【五輪の深層】ジョイナーの衝撃…ソウルから支え続け32年の組織委参与・上治丈太郎氏

ジョイナー(右)と記念撮影する上治氏(上治氏提供)
ジョイナー(右)と記念撮影する上治氏(上治氏提供)

 五輪、それは多くの企業にとっても4年に一度の存在感を示す最高の機会であり、とりわけスポーツメーカーにとってはビッグチャンスである。選手を通じていかに商品の優秀性を見せ、証明できるか。チームや個人とのスポンサー契約は、ブランドイメージの向上や訴求に最も効果のあるマーケティング戦略だ。

 その背景のもと、今思い出しても鳥肌が立つほどの衝撃を受けたのはフローレンス・ジョイナーである。

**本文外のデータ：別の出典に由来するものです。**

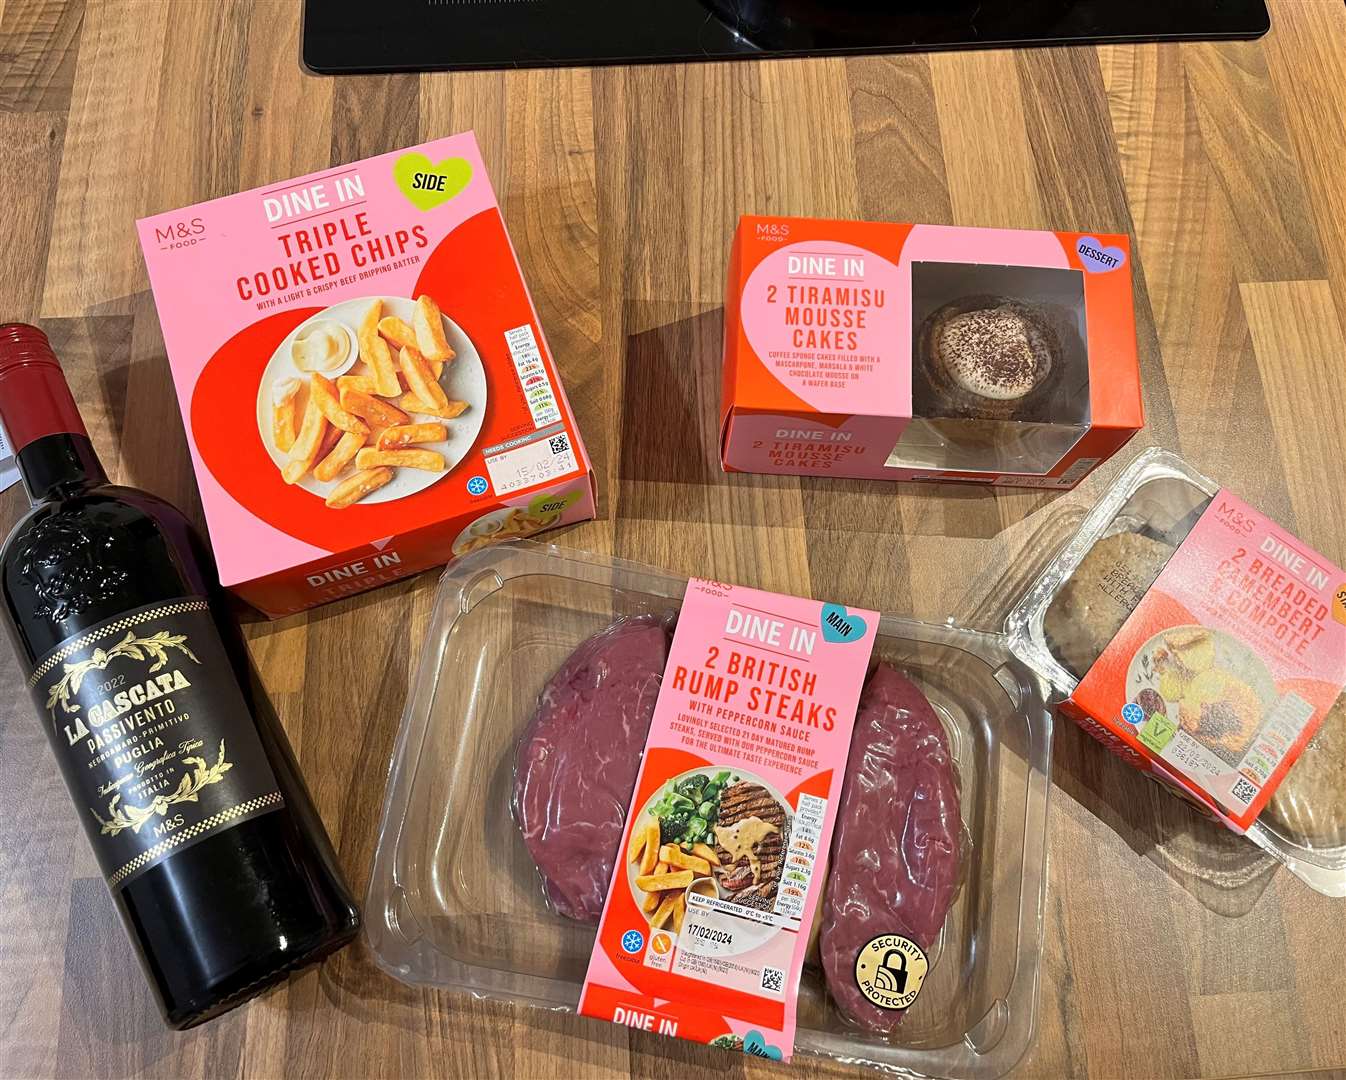 Everything included in the M&S meal deal for £25

 1988年7月16日。ソウル五輪の出場選考会を兼ねた全米陸上選手権がインディアナポリスで開催された。ミズノを国際ブランドとして構築せよ、とのミッションを受けた我々は、五輪の花形種目である陸上の男女100メートルに注目していた。

 男子では前年のローマ世界陸上でカール・ルイスと契約済みだったが、彼とて生身の人間、何が起こるか分からない。もう一人、看板になる選手が欲しかった。その目前で、ジョイナーが31年たっても破られていない不滅の世界記録、10秒49を打ち立てたのだ。

 我々は感動を受けつつも、ただちに情報収集に動いた。当時、選手がシューズのラインをマスキング(ラインをスプレーやガムテープで隠す)しているときは、契約メーカーがないというサインだった。レース後、ジョイナーのマネジャーにダメもとでコンタクトしたところ「今はどこのメーカーとも契約していない」との返答。すぐにシューズを試したいという本人に届けたら、フィーリングが合った。多少の要望こそあったが、五輪モデルの開発が始まった。

 彼女は84年ロス五輪100メートルで銀メダルを獲得して以降、急激に記録が伸び、体も筋肉質になったことでドーピングのうわさがつきまとっていたが、ソウルの100メートルでは金、200メートルでも21秒34の世界新を樹立した。我々はレース後に祝勝会を予定し、競技場の出口で待っていたが、ジョイナーは1時間過ぎても現れない。ドーピング検査で陽性反応が出たのではと一瞬、不安になったが、約1時間後に何事もなく現れた。レース後の採尿でなかなか尿が出なかっただけだった。

 この大会でミズノのシューズは男女の100、200メートルで日本のメーカーとして初めて金メダルを獲得した。ジョイナーとルイスの使用したシューズは売り上げ、ブランド訴求力向上に多大な貢献があった。

 ジョイナーは大学で心理学を学び、ファッションや自らの筋肉美をどう表現するかのセンスが抜群だった。爪を長く伸ばしてカラフルなマニキュアを施し、レーシングウェアを片足だけ見せるビジュアルに大変にこだわった。89年に現役を引退し、のちに出産。ソウルのわずか10年後の98年9月21日に、心臓発作で帰らぬ人となった。疾走するかのごとく、38歳の若さで人生に幕を下ろした。

 多くのスターを生んできた男女100メートル。来年は誰が地球最速ランナーの称号を手にするのか、今から楽しみである。